INFORMATION PROVIDED:

────────────────────

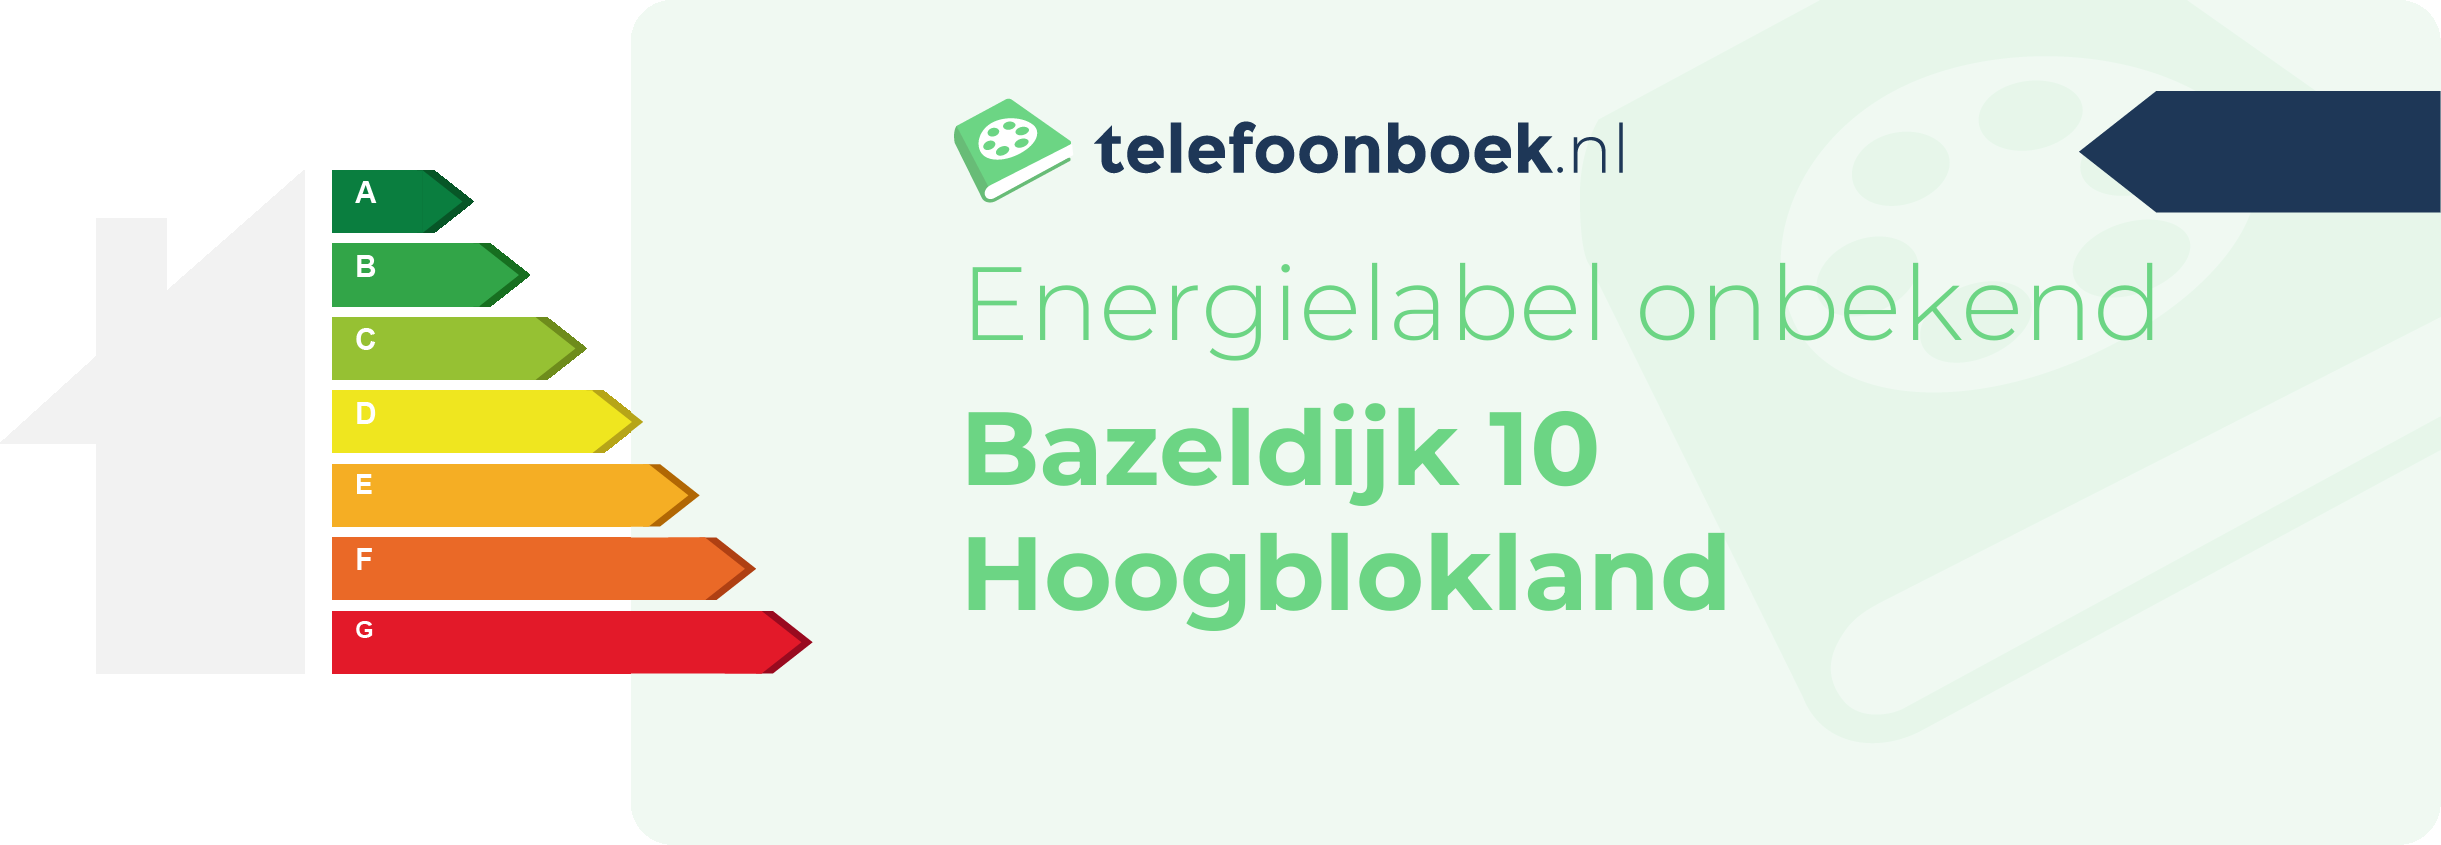 Energielabel Bazeldijk 10 Hoogblokland
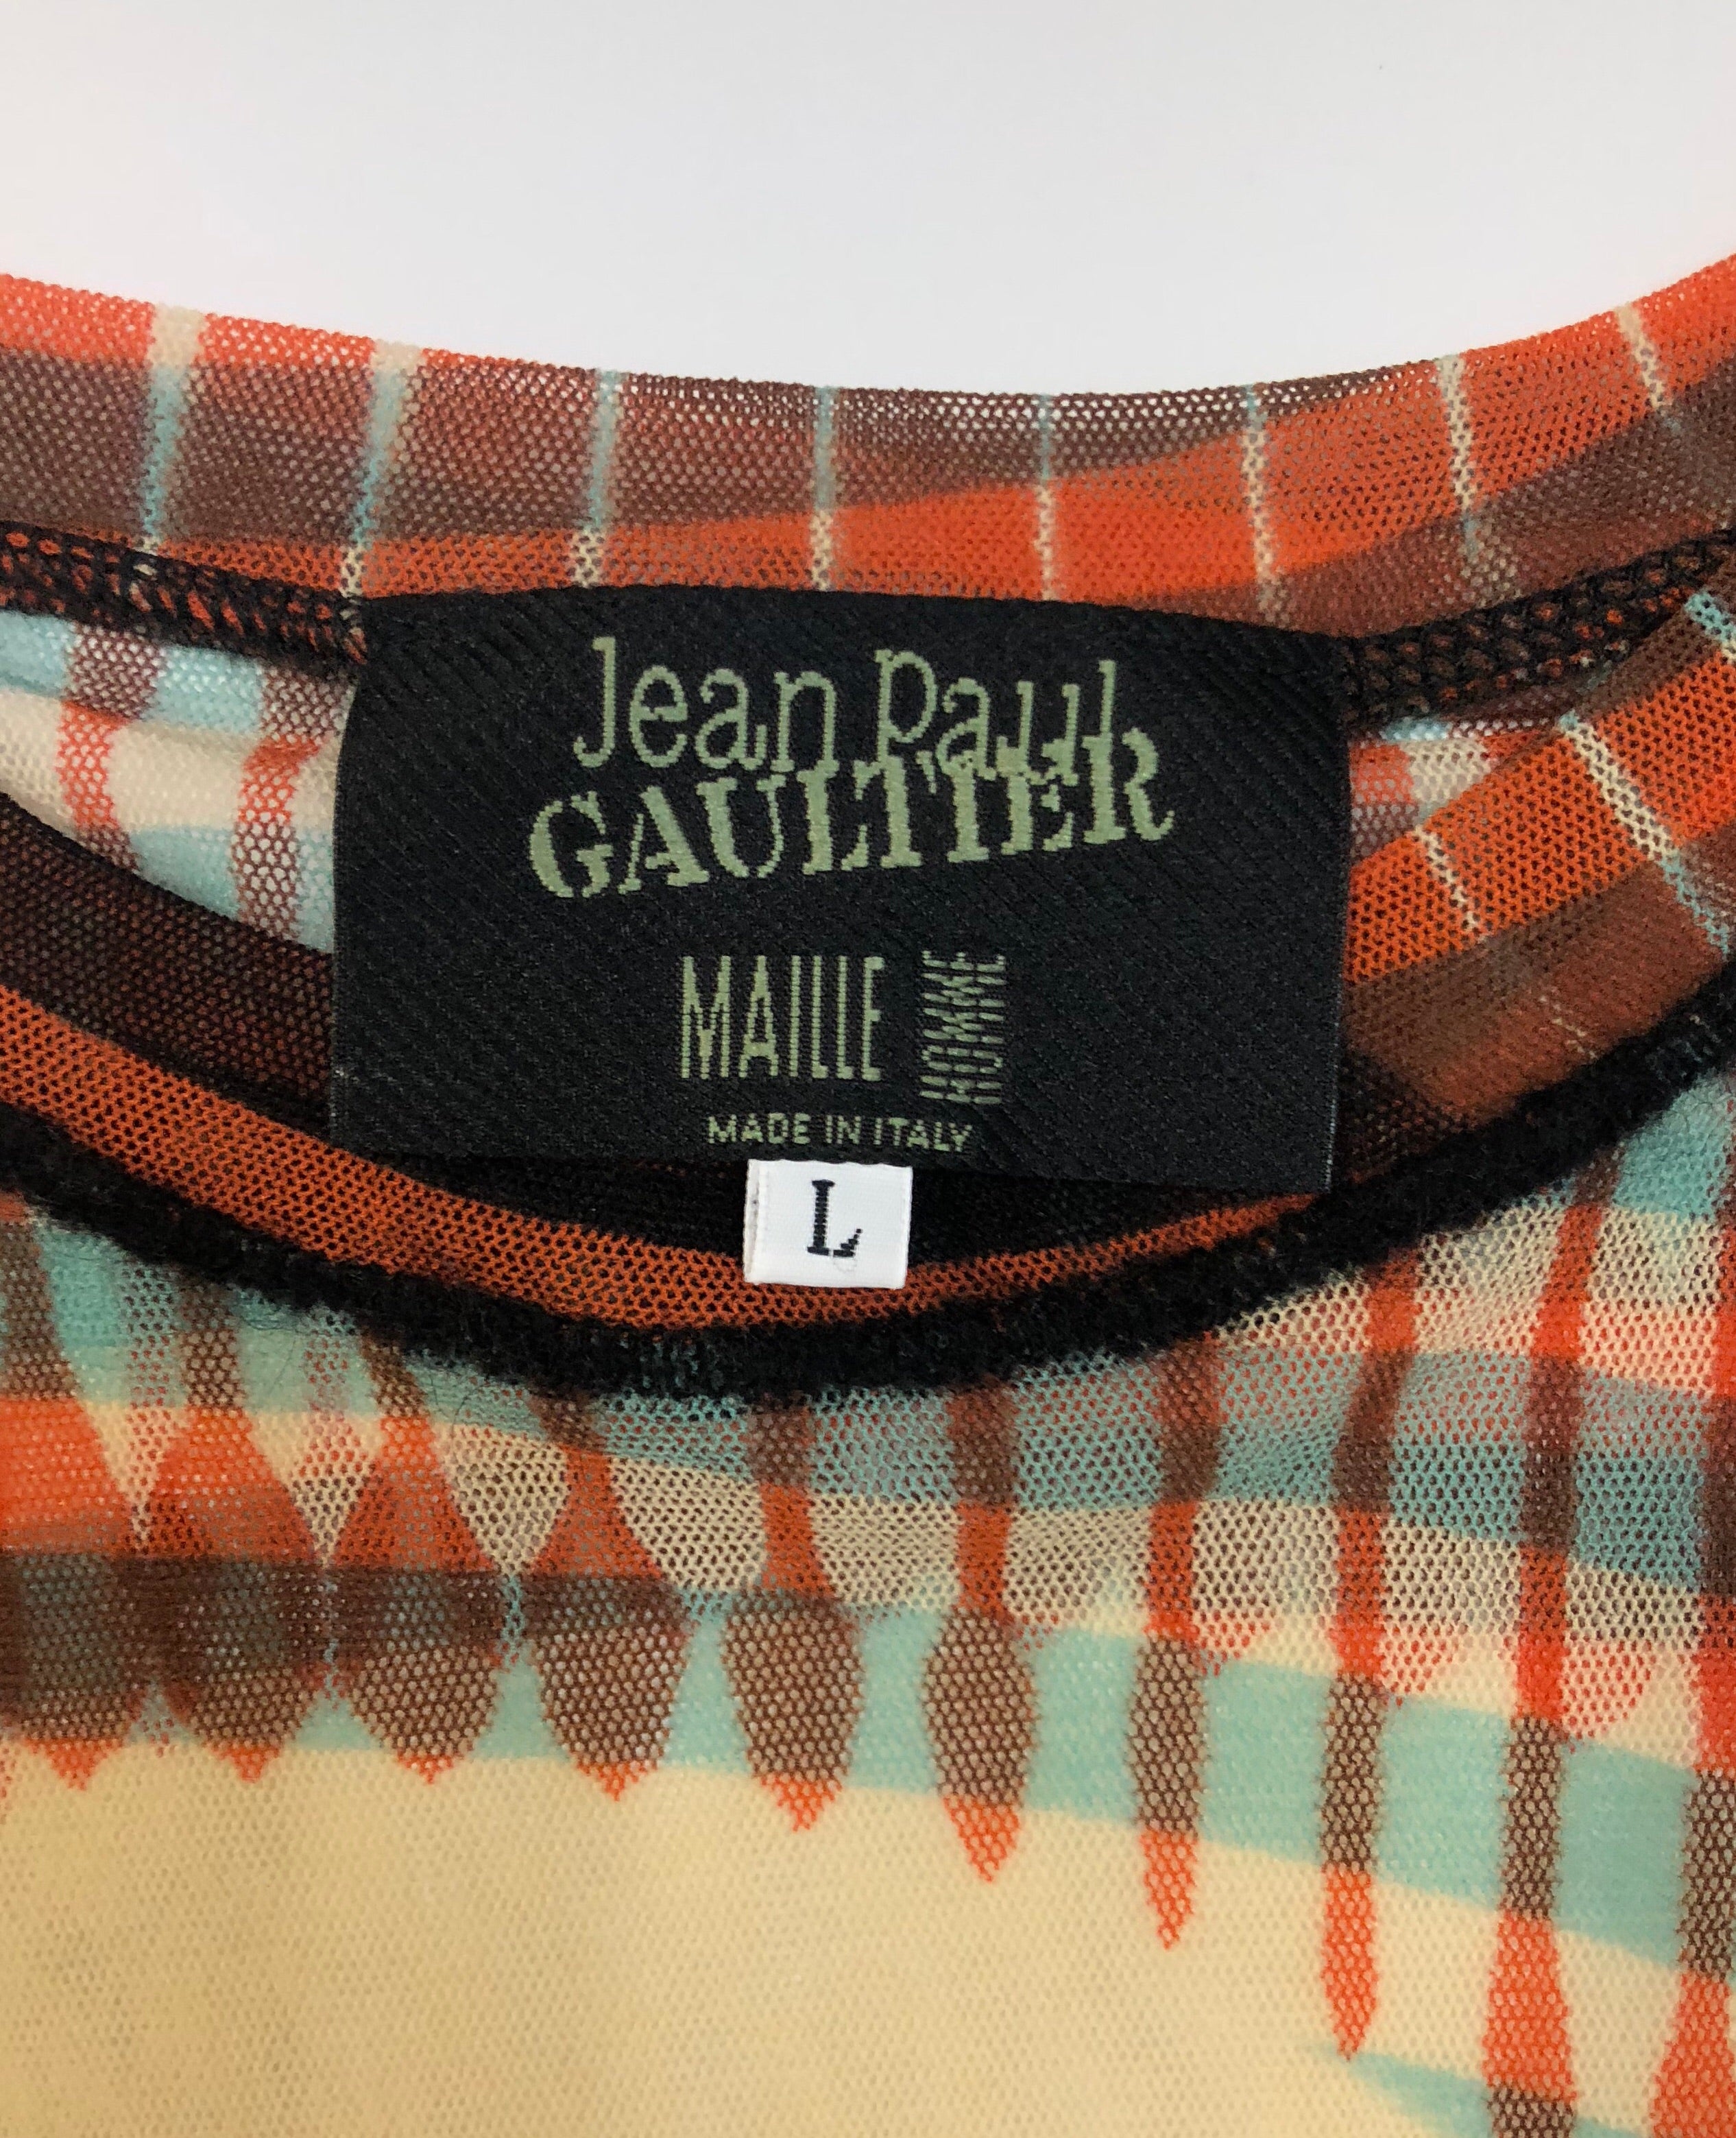 Jean Paul Gaultier Print Top
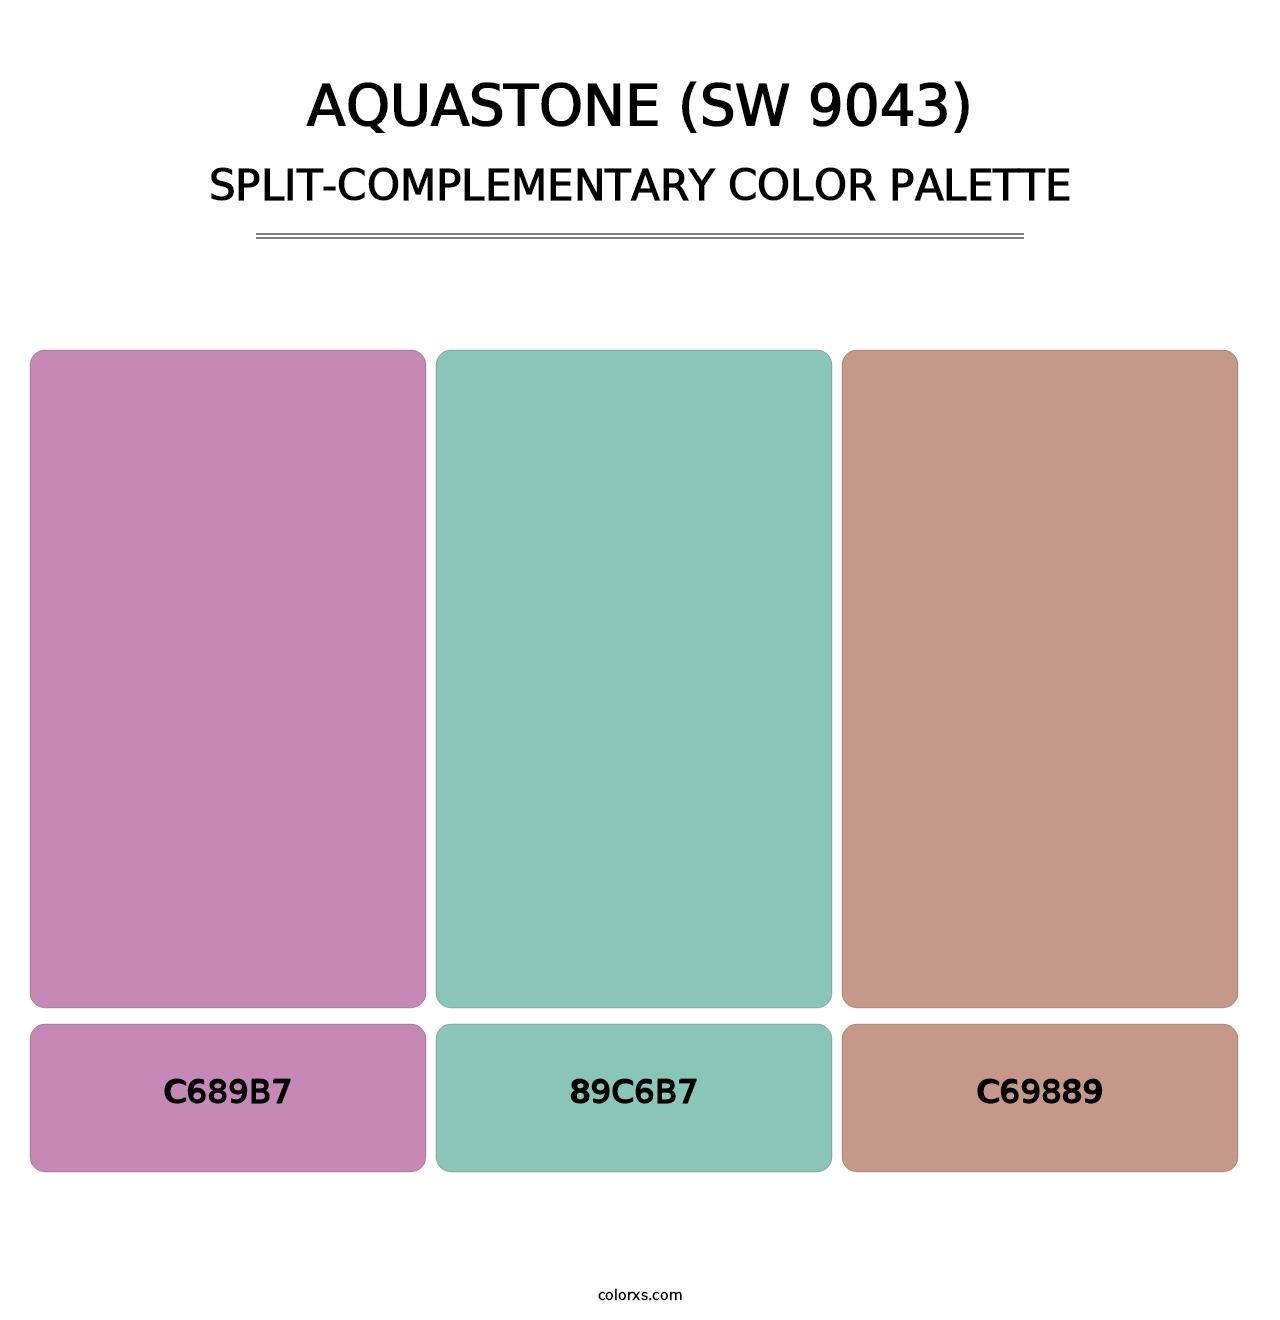 Aquastone (SW 9043) - Split-Complementary Color Palette

────────────────────

Please return the material above unchanged, with every picture removed.

RESPONSE TO THIS TASK:
 Energielabel Bazeldijk 10 Hoogblokland
 Jean Paul Gaultier Print Top
 Aquastone (SW 9043) - Split-Complementary Color Palette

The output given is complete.